— Exercise —
With every picture left out, give the data below back exactly.

— Recorded data —

= Beginning of Section =

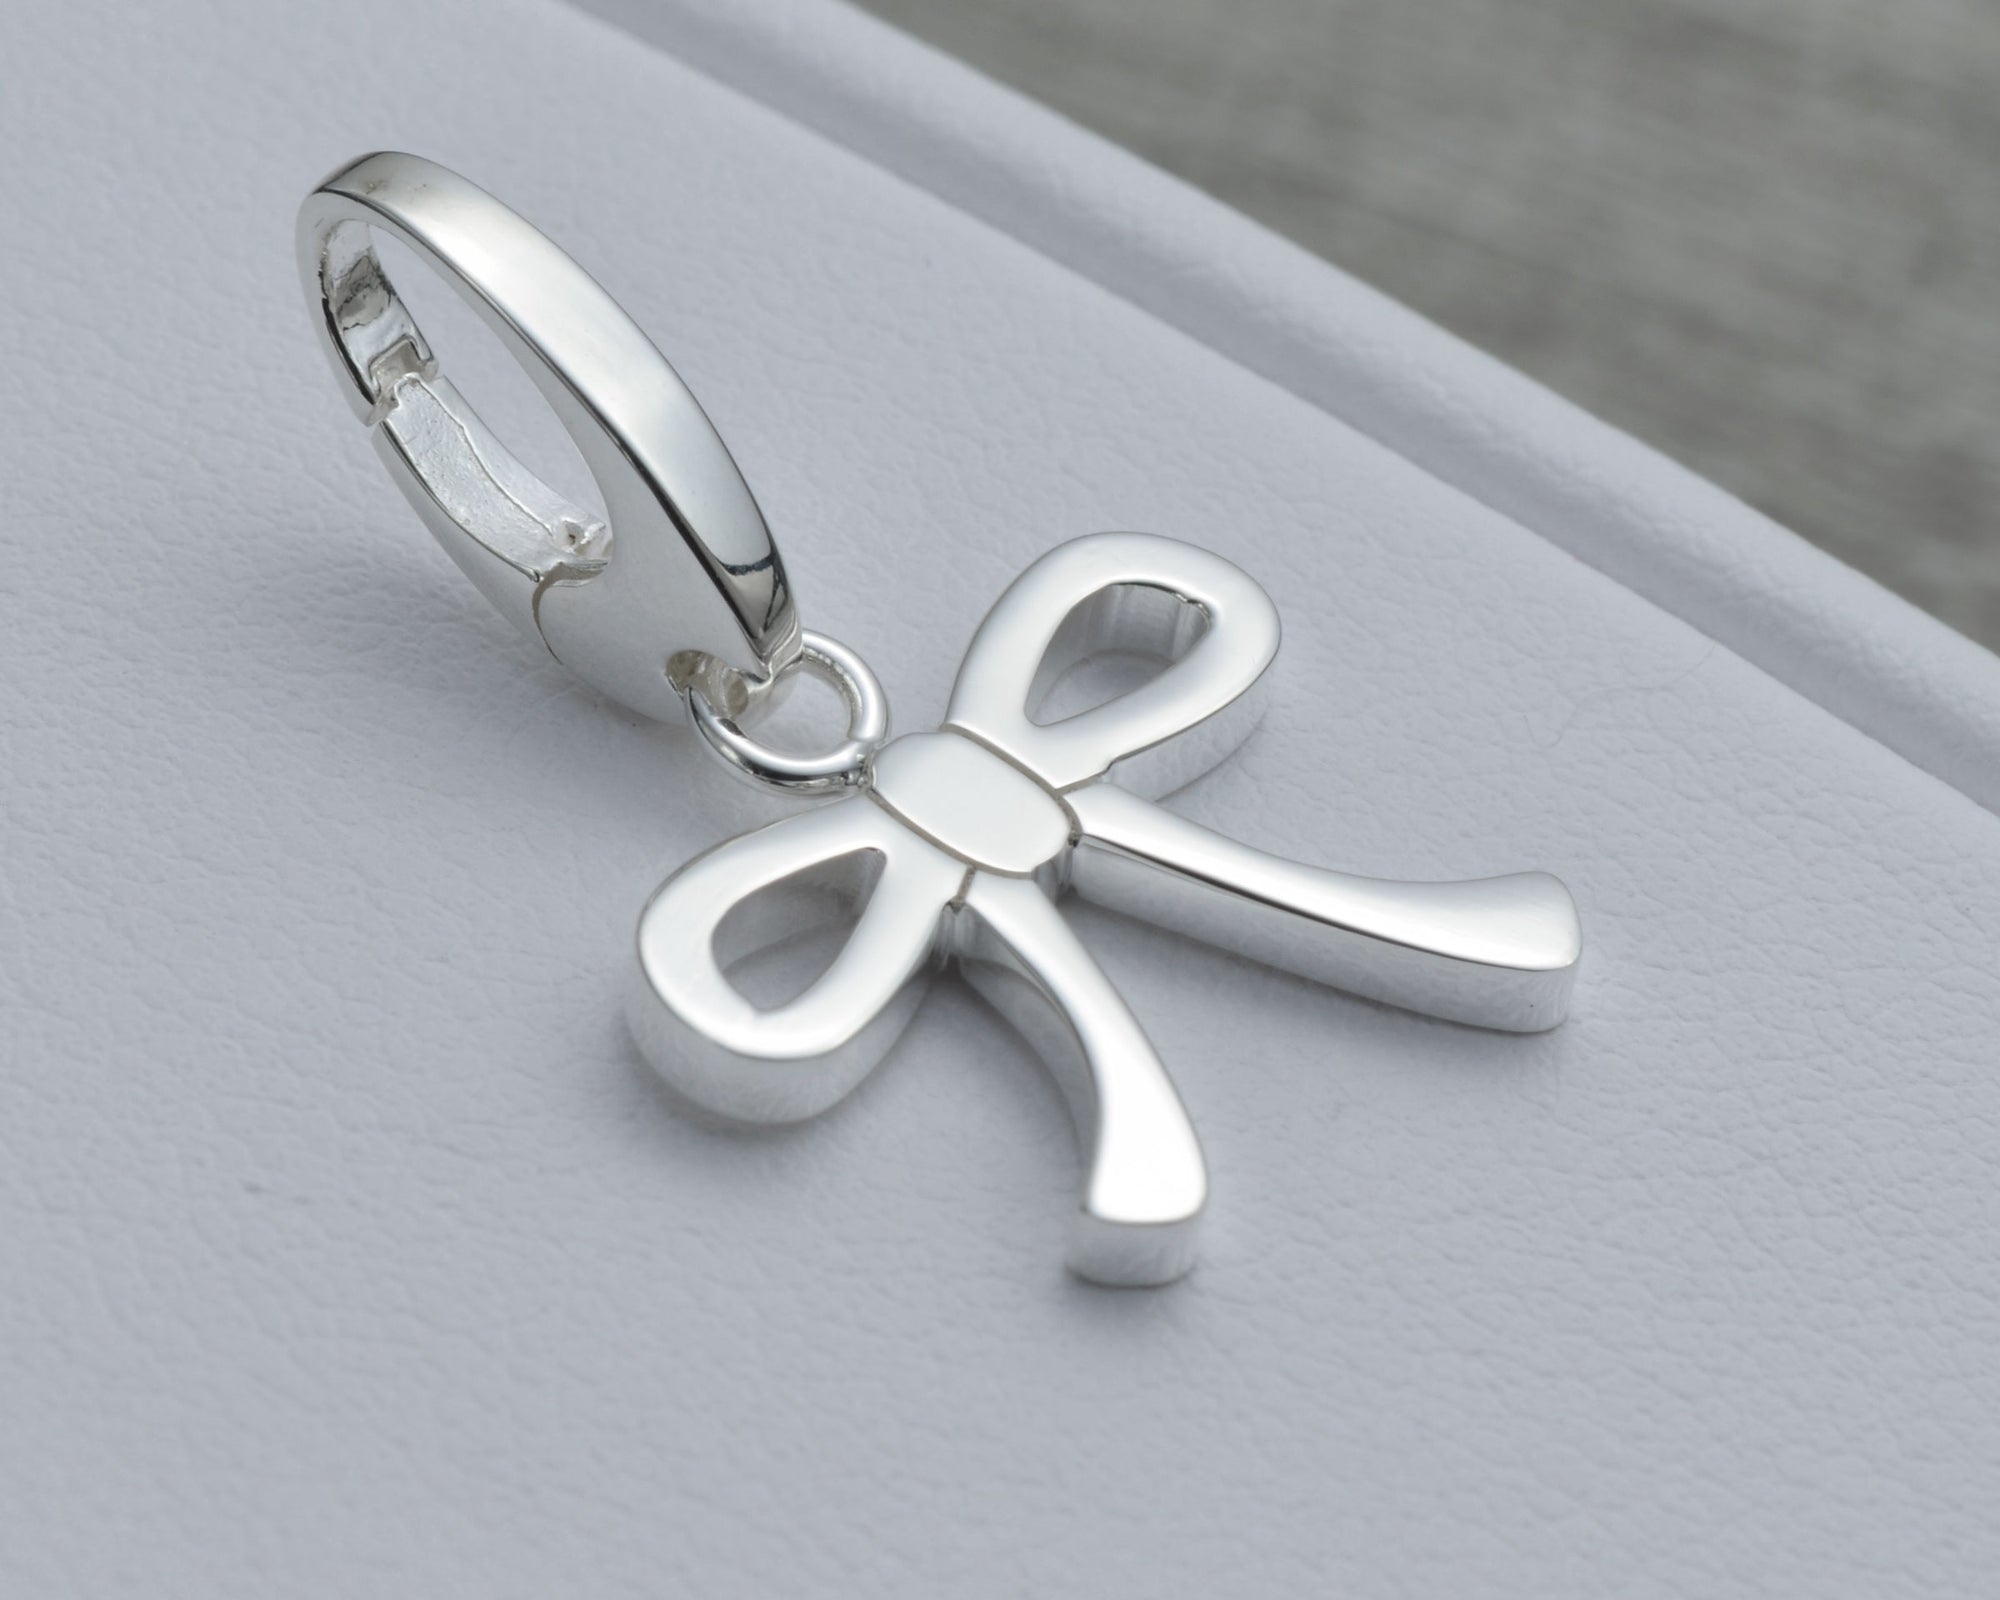 BOW CHARM IN STERLING SILVER
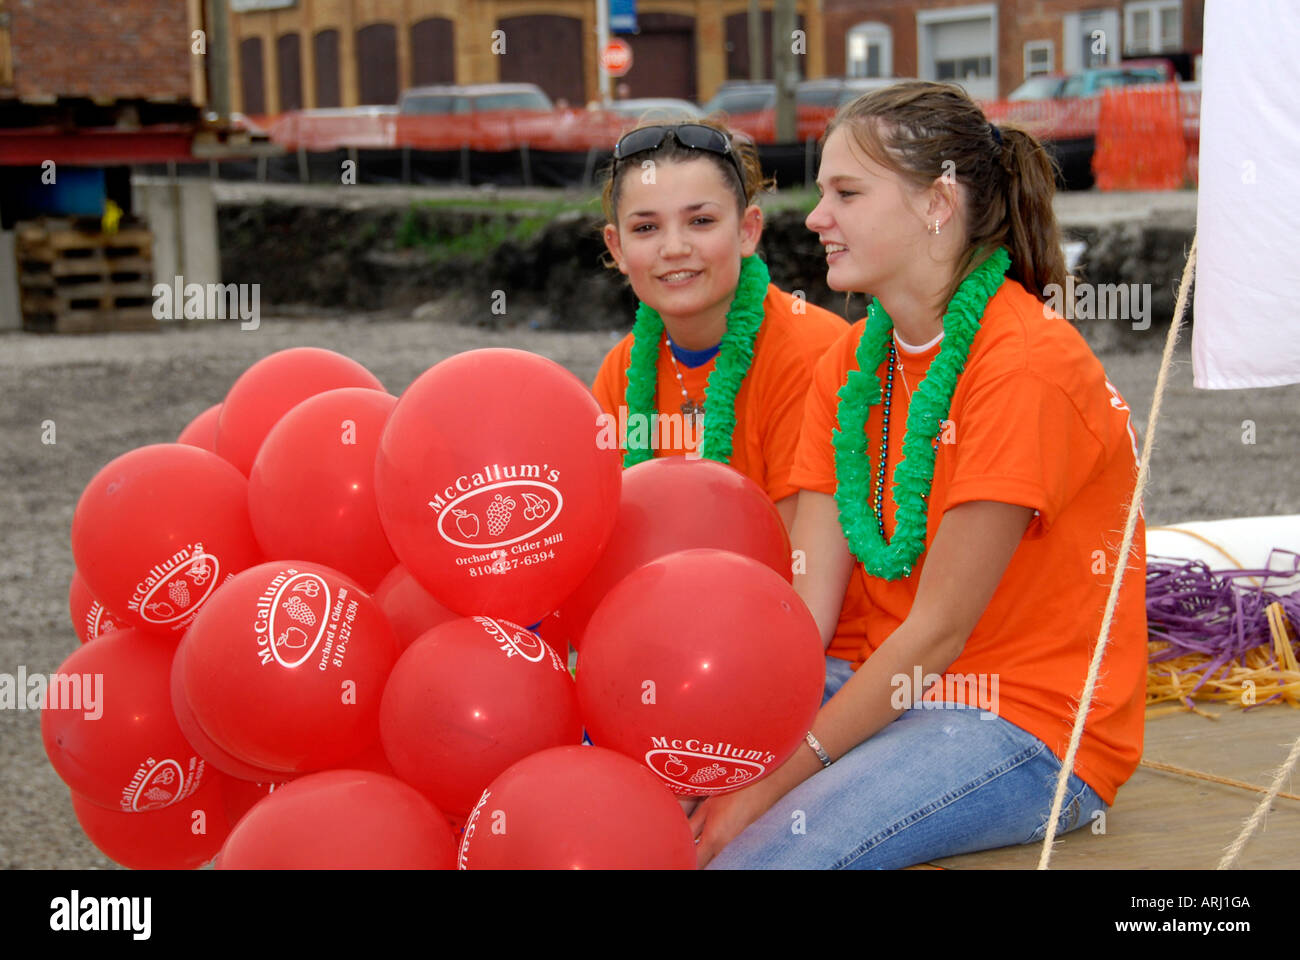 Teen girls sit talking to one another while giving away free red balloons Stock Photo
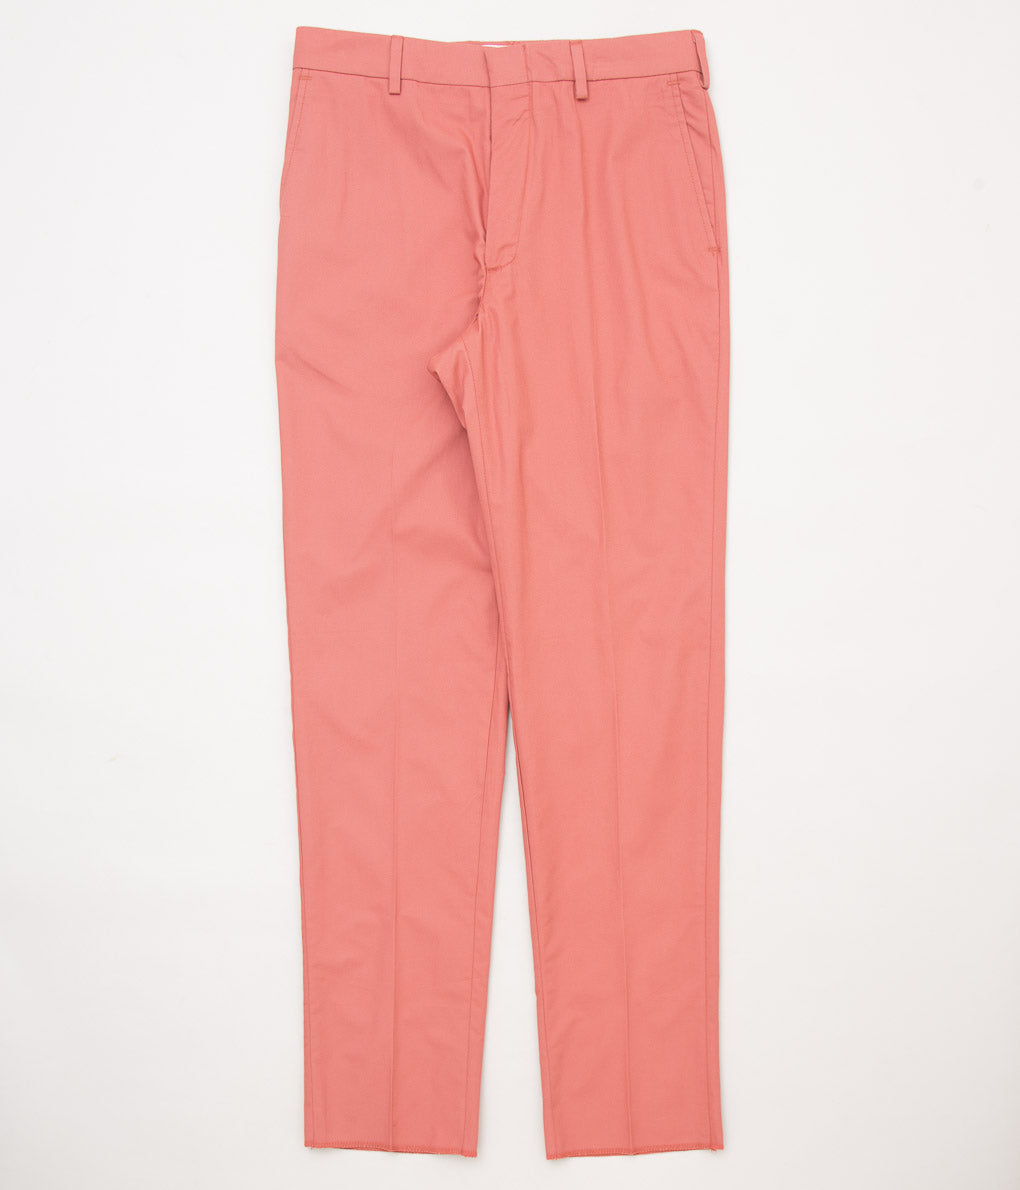 ALL AMERICAN KHAKIS "SEA ISLAND POPLIN (RELAXED FIT)"(NAUTICAL RED)

= End of Section =

— Answer box —
 BOW CHARM IN STERLING SILVER
 Teen girls sit talking to one another while giving away free red balloons Stock Photo
 ALL AMERICAN KHAKIS "SEA ISLAND POPLIN (RELAXED FIT)"(NAUTICAL RED)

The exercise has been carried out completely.